After he had conquered Aman, if he conquered Aman, what more was there?
They crowded onto the pier, and for a breathless moment before the terrible noise began rolling in - a hundred storms as one that pressed into my eardrums until they hurt - I was unsure of what their purpose was. Pursuit, or flight? The temple fires still were burning, but Meneltarma rumbled as it so often had of late, shaking the land, and a drowning darkness rolled in from the west.
A wave.
They would no longer have the chance to seize anybody. The temple fires vanished behind the curtain of watery darkness, and the smell of acrid, fatty smoke mingling bitterly with sea-water, different from the smell of the iron smelters that littered the coast of every wharf, swept into my nose.
But there was another stench on the air that made me think of the name that many surmised had once been the Zigûr's - Sauron, the putrid, stinking one. Sulfur and molten stone.

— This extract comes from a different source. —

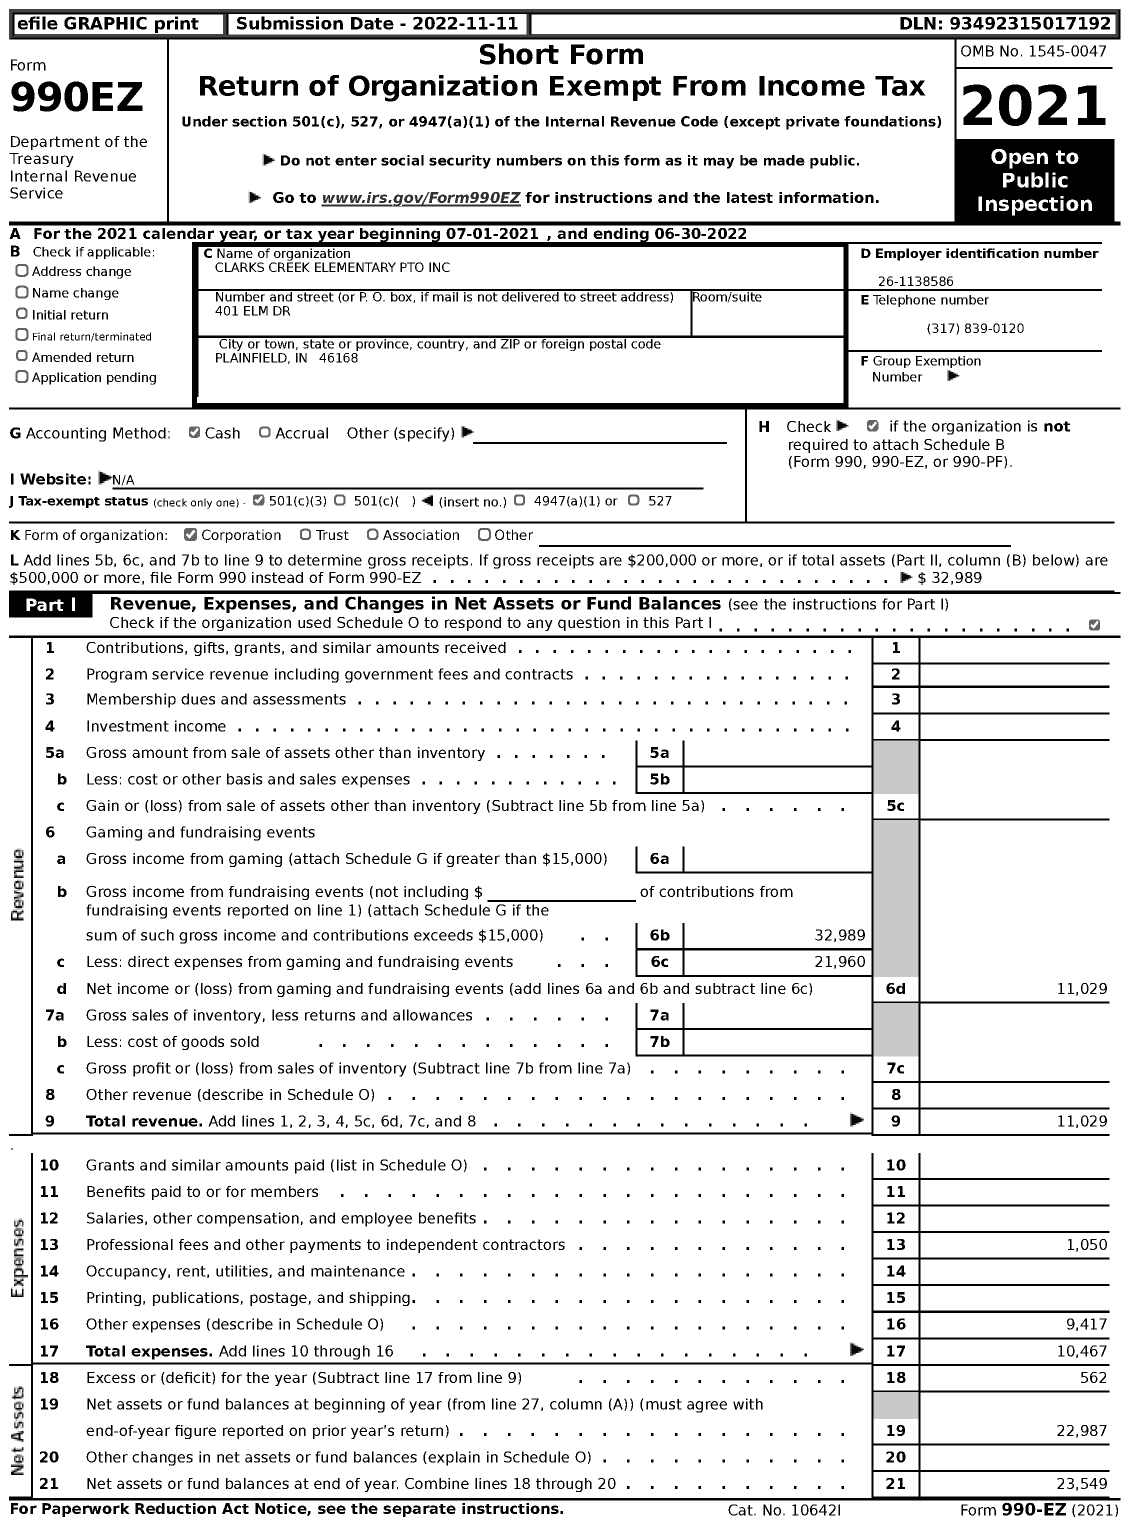 Image of first page of 2021 Form 990EZ for Clarks Creek Elementary Pto

If the wave was the wrath of the West, then this last thing was his touch.
Meneltarma erupted into a cloud of fire and smoke. The sacred hollow on the peak was swept away.
Ránë, Amandil's wife, held me as I sagged, and I hung in her arms like a child when the crest of the wave toppled and fractured the bloody sunset behind it. Its fingers swept over Númenor, foam that ran red in the glare from Meneltarma and water that swept dark like blood.
"Míriel," I breathed. "Míriel."
The land shielded us from the cataclysm as the distance grew. I could no longer see the child-soldiers.
The ship bore us away. Us, and the souls on eight others. The last ships to leave the island. There would be no survivors but us.
I thought back to Míriel's smiling face and stifled my weeping.
* * *
Míriel was smiling when I picked her from the floor.
She had fallen in the deserted hallway to our quarters. All her handmaidens but me were gone - home to Rómenna, for the ones she trusted, like obedient Sandannë and mischievous Ilmairë; she could no longer protect them from the Zigûr now sprawling unopposed on the King's throne. It left no one else but me.
I would not leave her even though she pleaded.
I refused. I loved her, and she was my task to fulfill.
And what was more, Míriel's fits had been coming more frequently. Where they once - so she claimed, she never divulged very much even if she remembered her visions - had been harmless and near inconsequential, they had become sharper and more accurate as the Isle grew darker around us. Her first, I think, although I was not sure she herself remembered it, had been a premonition of Isildur stealing the fruit of Nimloth that was now hidden in Rómenna and growing into a handsome sapling.
Her father's gift of the Sight was becoming revealed in her. Her fits grew more violent, and she woke aching more often than not. I feared one day she would not wake at all.
"He will take Lady Azgaradûn to the temple today. She will go willingly, believing that he intends to make her his priestess. He intends to make her burn. Her husband displeased him over some trifling thing."
"Surely not!" Azgaradûn was one of the Zigûr's most fervent supporters. She had given her daughter to the flames, and her colourless viper's eyes rested always on him when she sat in council. She had even gone so far as to forsake her name. Once Gimiladûn, she no longer looked to the stars, and much rather opened her family's coffers wide for the sake of Pharazôn's armada.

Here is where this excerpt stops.